People v Lazard |
2020 NY Slip Op 04183 [185 AD3d 964] |
July 22, 2020 |
Appellate Division, Second Department |
Published by New York State Law Reporting Bureau pursuant to Judiciary Law § 431. |
The People of the State of New York,
Respondent, v Valery Lazard, Appellant. |
Ellen O'Hara Woods, New City, NY, for appellant.
Thomas E. Walsh II, District Attorney, New City, NY (Carrie A. Ciganek of counsel), for respondent.
Appeal by the defendant from a judgment of the County Court, Rockland County (Kevin F. Russo, J.), rendered March 27, 2019, convicting him of attempted criminal possession of a weapon in the second degree, upon his plea of guilty, and imposing sentence.
Ordered that the judgment is affirmed.
On October 22, 2018, the defendant entered into a plea agreement pursuant to which he pleaded guilty to attempted criminal possession of a weapon in the second degree. In February 2019, the defendant moved to withdraw his plea of guilty. In an order dated March 7, 2019, the County Court denied the defendant's motion without a hearing. On March 27, 2019, the court sentenced the defendant in accordance with the plea agreement to a five-year period of probation.
The County Court providently exercised its discretion in denying, without a hearing, the defendant's motion to withdraw his plea of guilty. A motion to withdraw a plea of guilty rests within the sound discretion of the court, and generally the court's determination will not be disturbed absent an improvident exercise of discretion (see CPL 220.60 [3]; People v Alexander, 97 NY2d 482, 485 [2002]; People v Jackson, 170 AD3d 1040 [2019]; People v Boria, 157 AD3d 811 [2018]).
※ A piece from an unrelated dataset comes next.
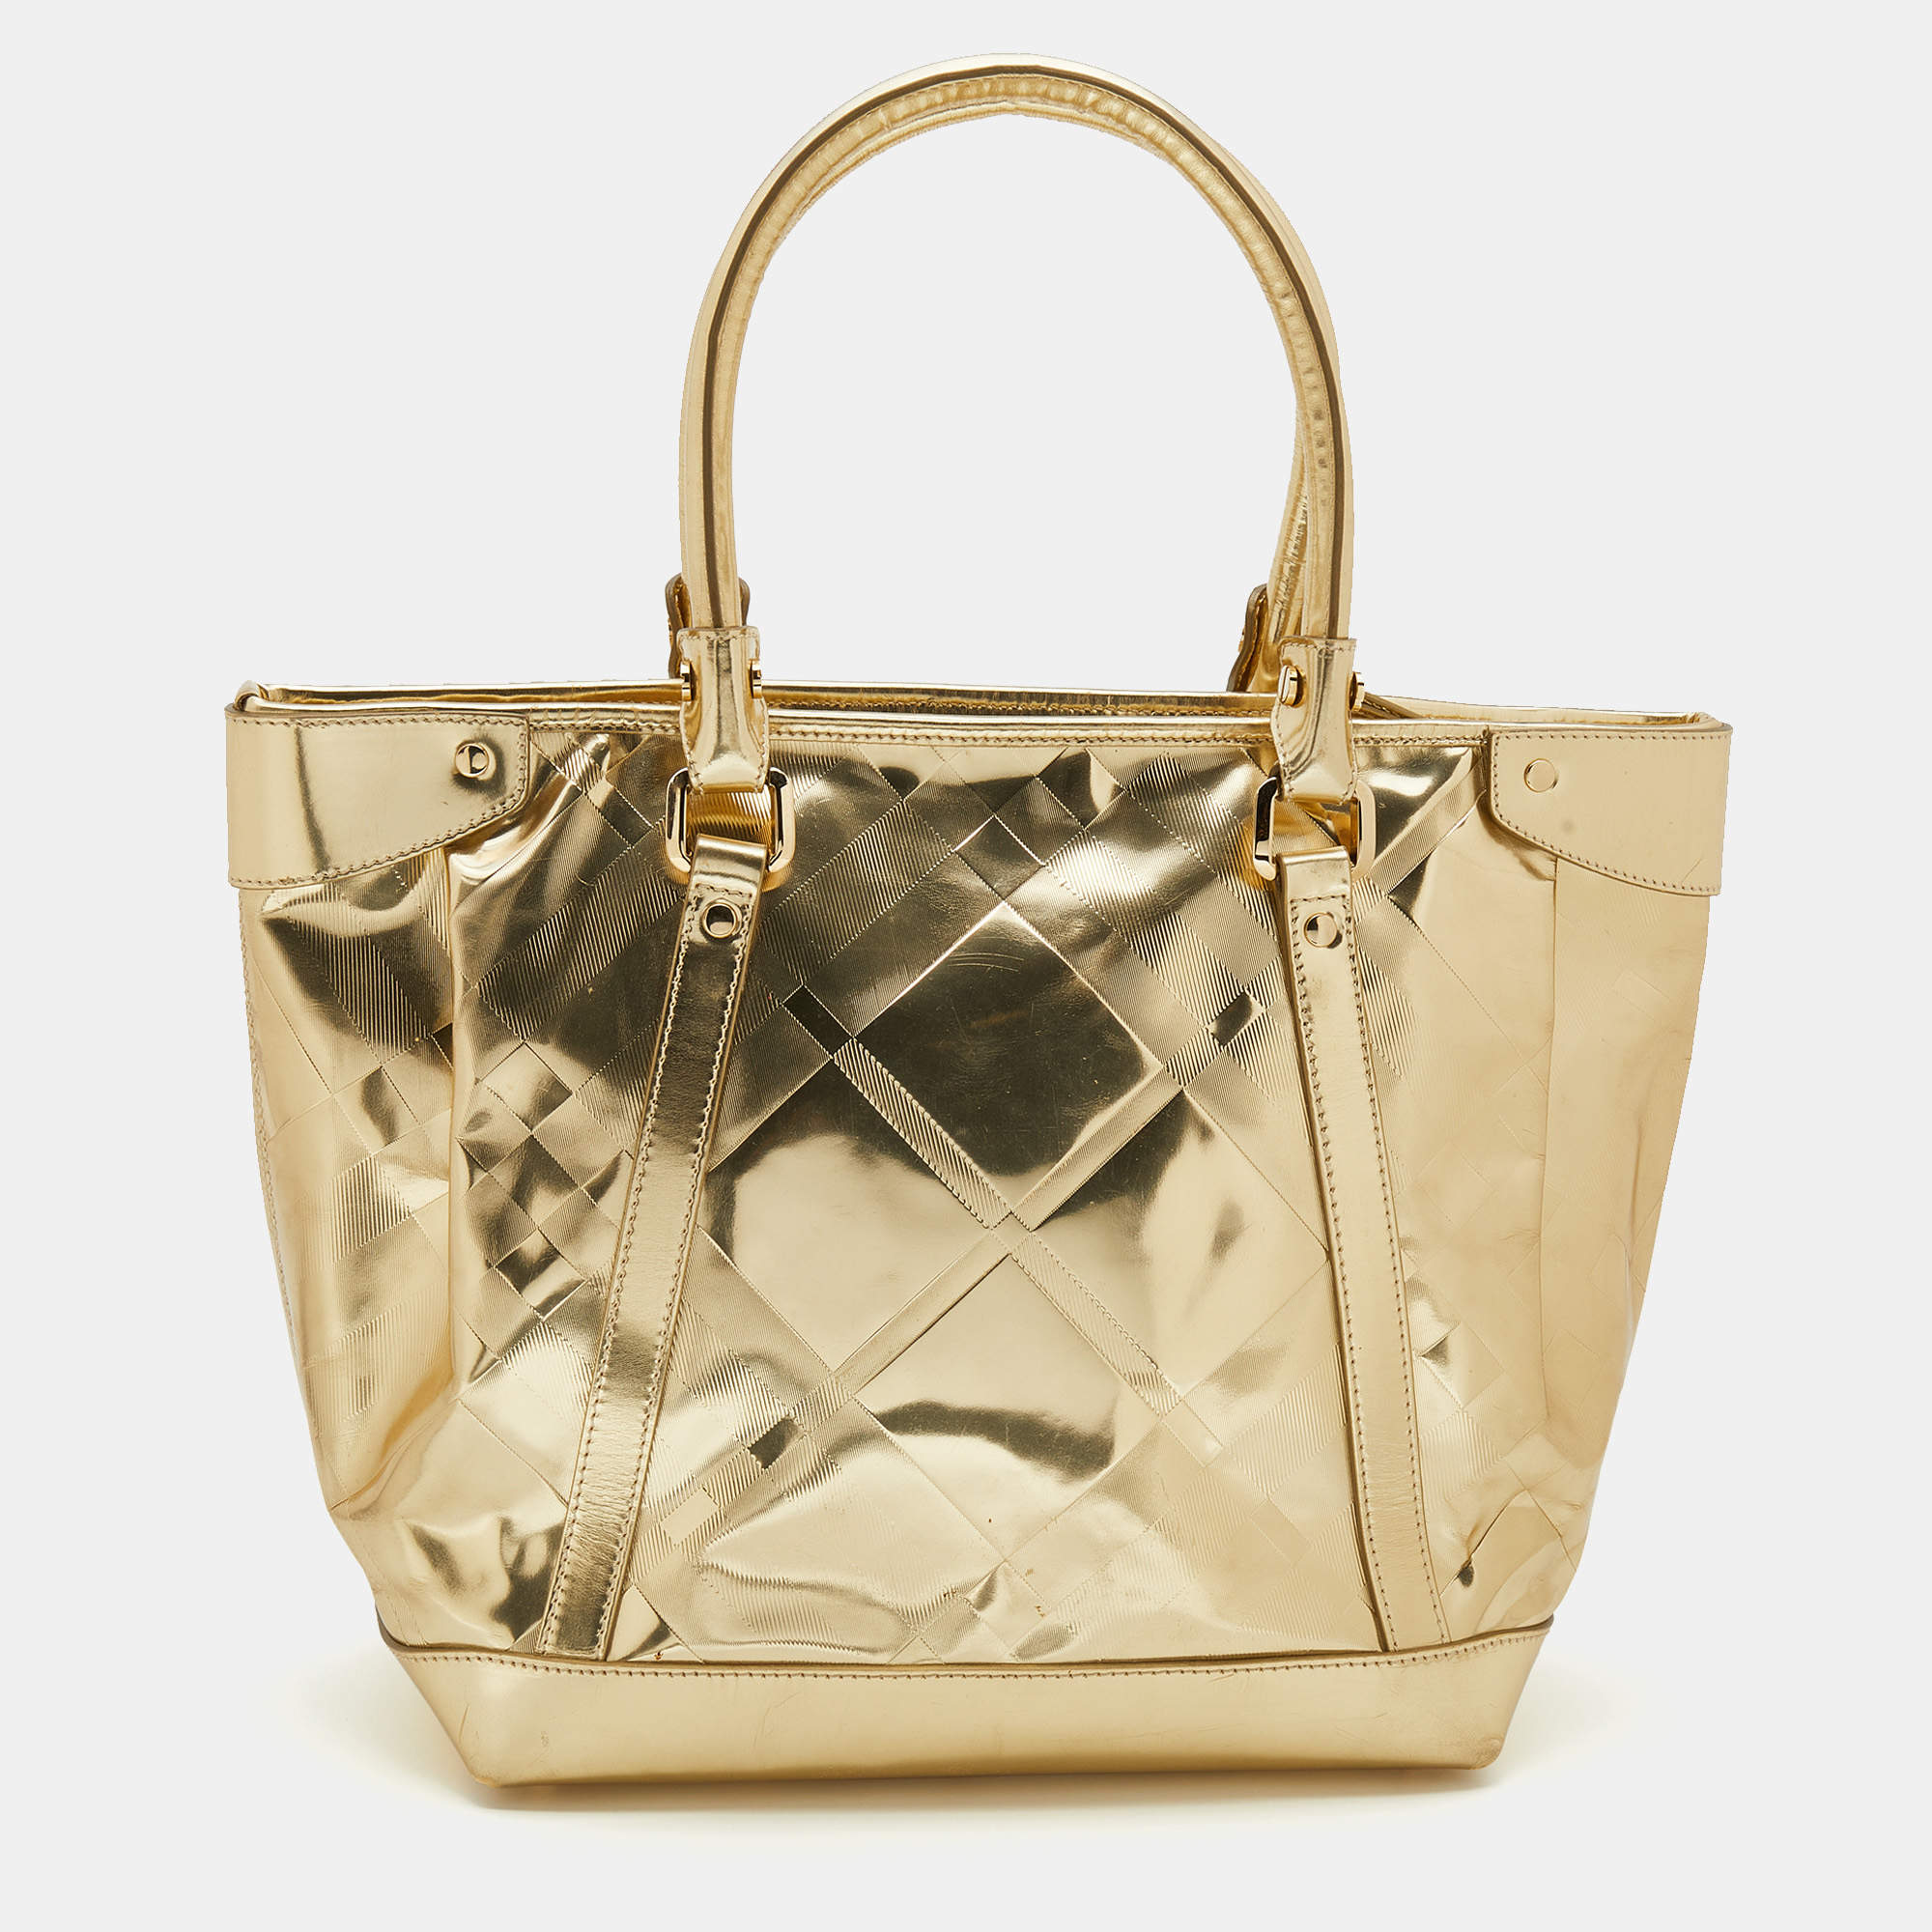 kate spade new york Gold Clutch Bags & Handbags for Women | eBay

Generally, a plea of guilty may not be withdrawn absent some evidence of innocence, fraud, or mistake in its inducement (see People v Penaranda, 178 AD3d 858 [2019]; People v Blount, 176 AD3d 1092, 1094 [2019]). When a defendant moves to withdraw a plea of guilty, the nature and extent of the fact-finding inquiry rests largely in the discretion of the court, and a hearing will be granted only in rare instances (see People v Mitchell, 21 NY3d 964, 966 [2013]; People v Tinsley, 35 NY2d 926 [1974]; People v Jackson, 170 AD3d at 1040).
Here, the record reflects that the defendant's plea of guilty was knowing, voluntary, and intelligent (see People v Fiumefreddo, 82 NY2d 536, 543 [1993]; People v Lopez, 71 NY2d 662, 666 [1988]; People v Harris, 61 NY2d 9, 17 [1983]). The evidence submitted in support of the defendant's motion to withdraw his plea of guilty was insufficient, standing alone, to justify withdrawal of the plea (see People v Caruso, 88 AD3d 809, 810 [2011]; People v Douglas, 83 AD3d 1092, 1093 [2011]; People v Mortensen, 60 AD3d 971, 972 [2009]). Mastro, J.P., Leventhal, Maltese and Iannacci, JJ., concur.